SKROWACZEWSKI CONDUCTS : A YOUNG ASHKENAZY MAKES HIS BOWL DEBUT
Making an American debut with one’s sound amplified and distorted as it bounces around the wide, open, distraction-filled spaces of Hollywood Bowl can’t be easy for any pianist.
Doing so at the still-dewy age of 24 must make the prospect even more daunting. Doing so with the romantic rigors of the Rachmaninoff First Concerto must make the precarious plot thicken further.
And doing all of the above when one is blessed--or is it cursed?--with one of the most prestigious names in contemporary pianism must be enough to make any strong musician weak.
Vovka Ashkenazy, son of Vladimir, got over the obvious hurdles Thursday night without a fumble or a stumble. That alone is something of an achievement.
He played with nice, seemingly calm authority. He revealed a solid technique, an efficient grasp of the inherent architectural sprawl, a potentially becoming sense of restraint.
He survived the trial by fire of the opening movement with only a few--pardonably few--visits to the cracks between the keys. He surveyed the lyricism of the Andante without resorting to gush--without even hinting at the possibility, in fact. He approached the smash-bang finale with decent energy.

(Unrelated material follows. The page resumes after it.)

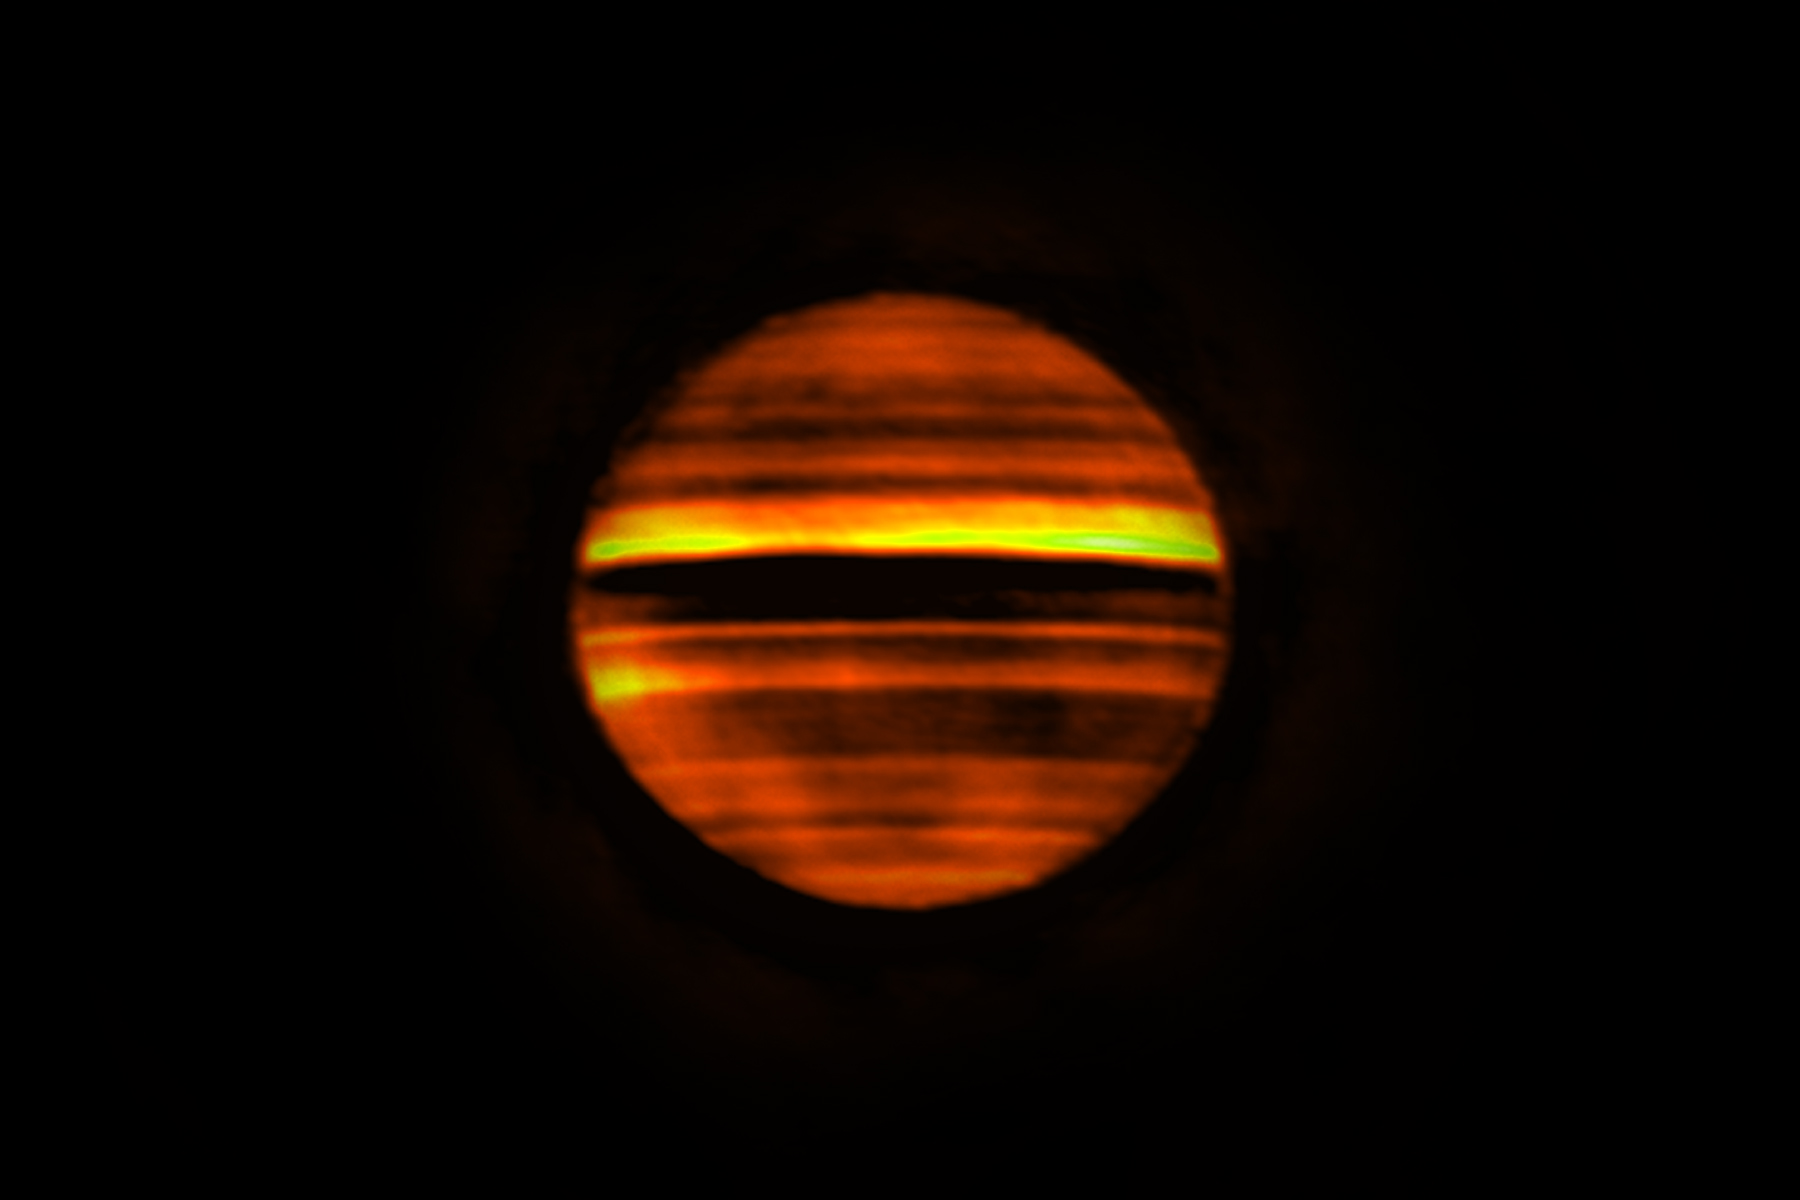 Voici en fausses couleurs une image radio de Jupiter réalisée avec Alma. Les bandes lumineuses indiquent les températures élevées et les bandes sombres les températures basses. Les bandes sombres correspondent aux zones sur Jupiter, qui sont souvent blanches aux longueurs d'onde visibles. Les bandes lumineuses correspondent aux ceintures brunes de la planète. Cette image contient plus de 10 heures de données, soit le temps que met Jupiter pour effectuer sa rotation. Par conséquent, la combinaison de ces données trahit la rotation de la planète qui a rendu les détails flous. © Alma (ESO/NAOJ/NRAO), I. de Pater et al.; NRAO/AUI NSF, S. Dagnello

What he didn’t do, unfortunately, was tell us anything interesting, anything new, anything poignant or anything personal about the concerto. For the most part, he contented himself with music-making that tended toward the mechanical. He suffered no indulgences, took no chances, kept the temperature cool.
But there is time.
Stanislaw Skrowaczewski and the Los Angeles Philharmonic, who had opened the program with a brisk and graceful performance of Berlioz’s “Roman Carnival,” provided attentive support for the young soloist. After intermission, they sensitively defined the mist and the splash in both of Ravel’s “Daphnis et Chloe” suites.
Despite the sophisticated music-making, this seemed a bit much of a bland thing.